As noted by a colleague on Extra Crunch, Latch experienced a 50.5% increase in booked revenues from 2019 to 2020. Booked software revenues rose by 37.1%, while booked hardware revenue increased by over 70% during the same timeframe.
Rob Speyer, President and CEO of Tishman Speyer, shared with TechCrunch that his company has been both a customer and investor in Latch for several years. Residents of their buildings have expressed satisfaction with the Latch product, leading to its implementation across their residential properties. He anticipates a collaborative role, acting as both a strategic advisor and a platform for product innovation.
The company’s focus on apartment buildings has proven beneficial, allowing it to avoid direct competition within the highly saturated smart home lock market. This is particularly advantageous when considering competition from major companies like Amazon. The existing partnerships with real estate firms such as Tishman Speyer are also considered a significant asset.

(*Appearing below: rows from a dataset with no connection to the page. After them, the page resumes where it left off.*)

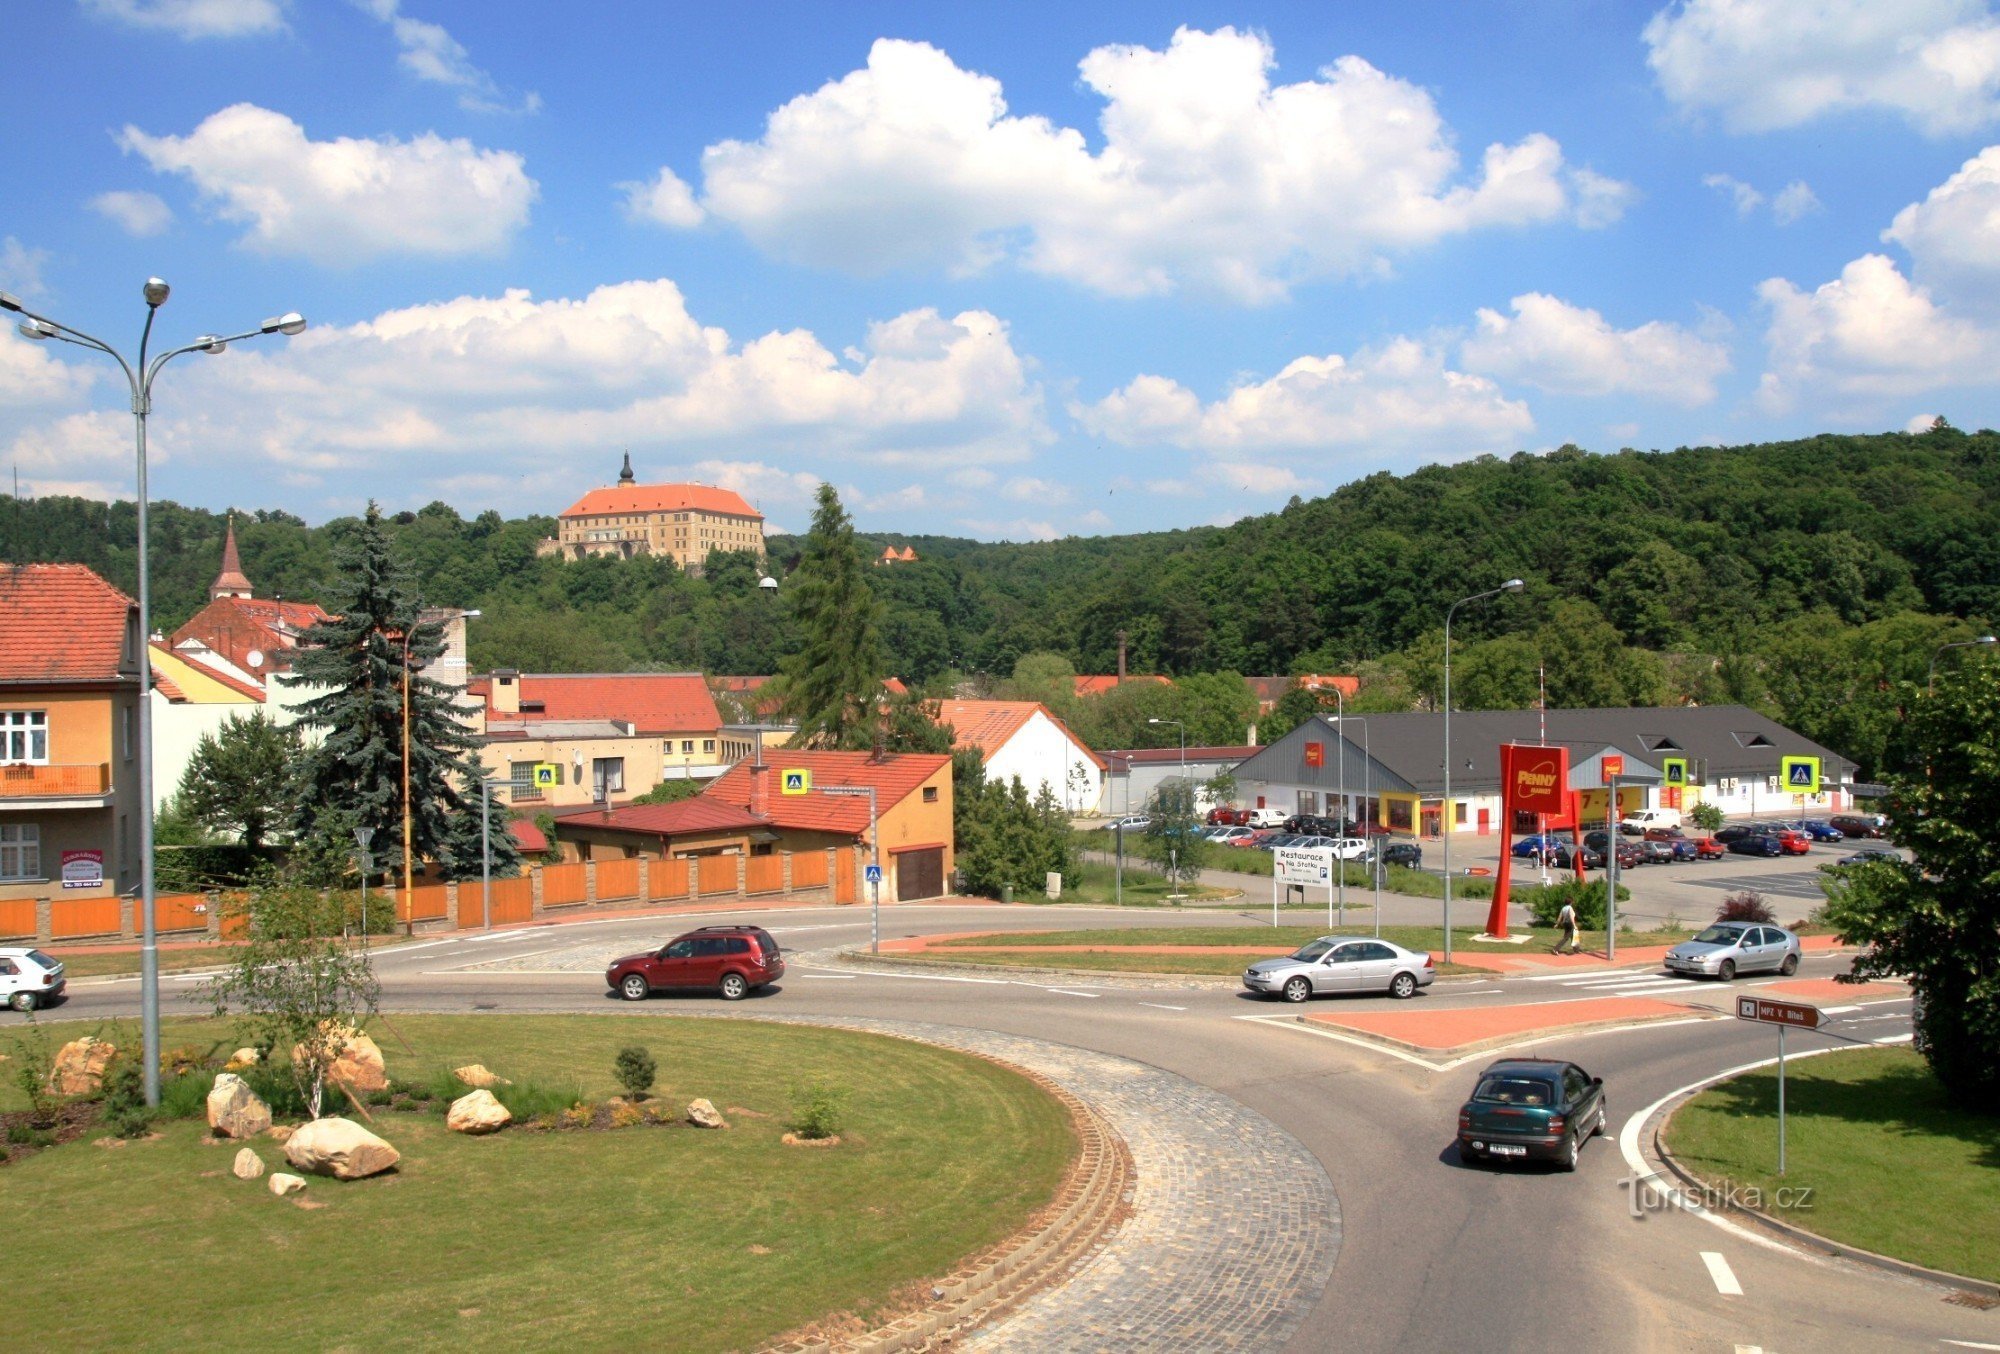 Náměšť nad Oslavou - road stretch through the city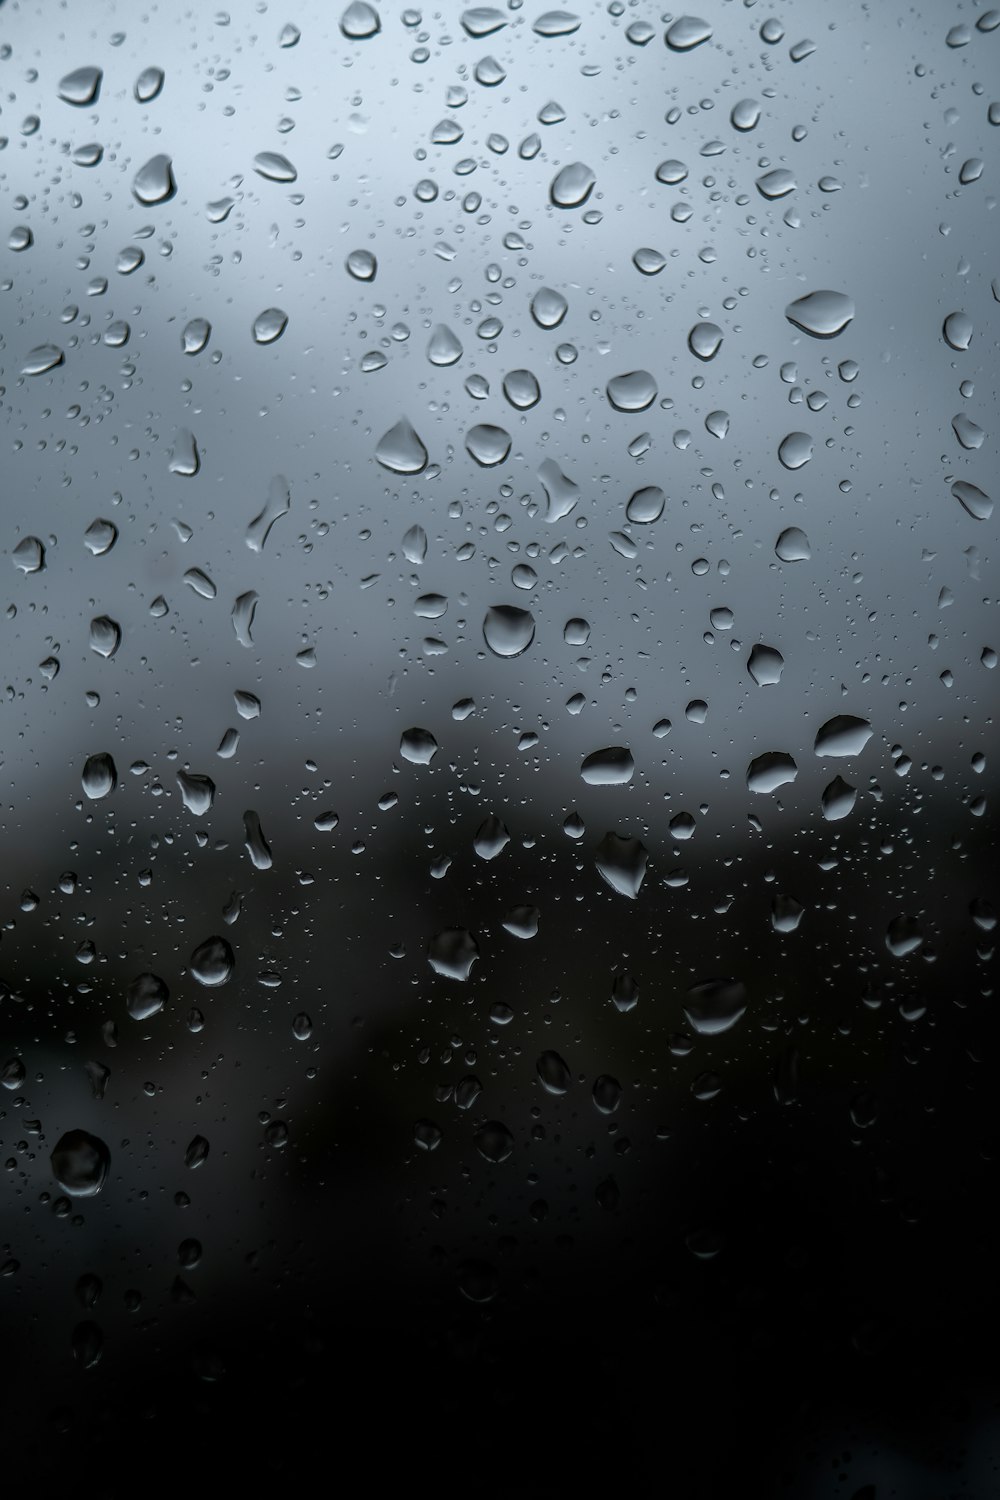 water droplets on window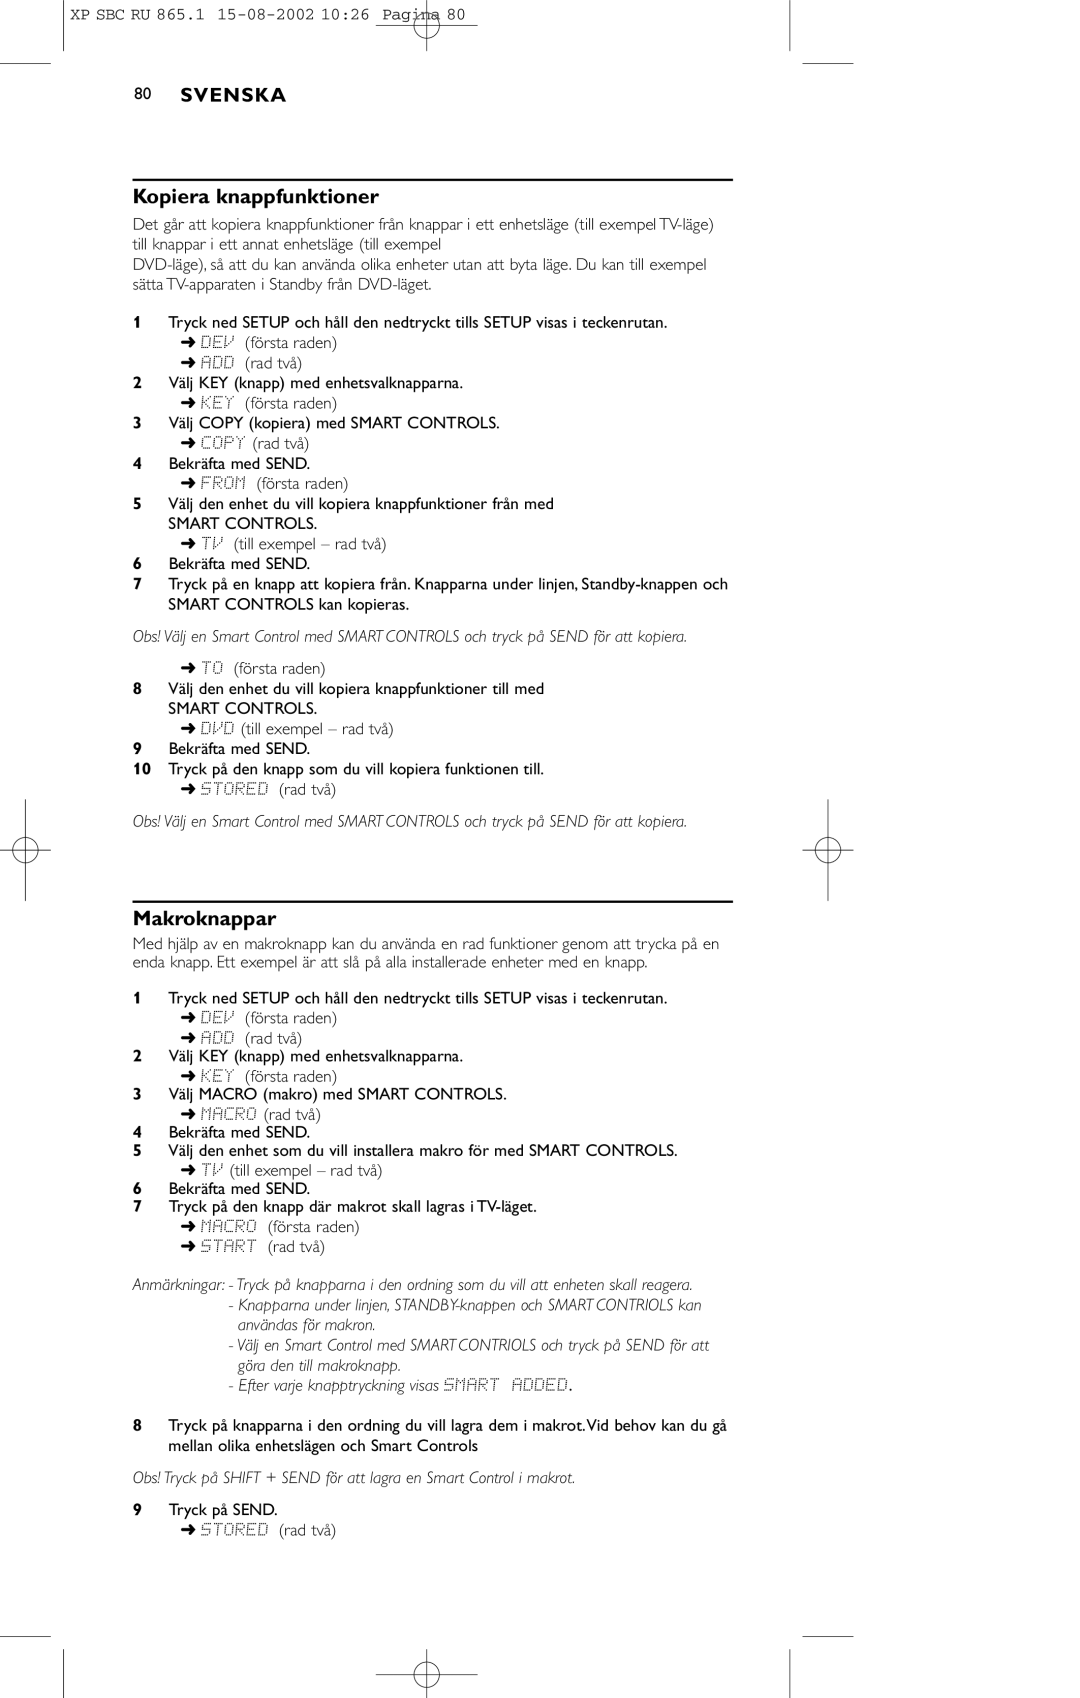 Philips SBC RU 865/00 manual Kopiera knappfunktioner, Makroknappar

Schoenfelder indicated that the company views these partnerships as valuable testing grounds for its technology. He explained that while their products have been utilized in multifamily residences for an extended period, usage patterns will likely differ in commercial office settings. He believes they have a good understanding of these differences, but real-world observation of product interaction will be crucial.
The transaction values Latch at $1.56 billion and is projected to be finalized in the second quarter of the year.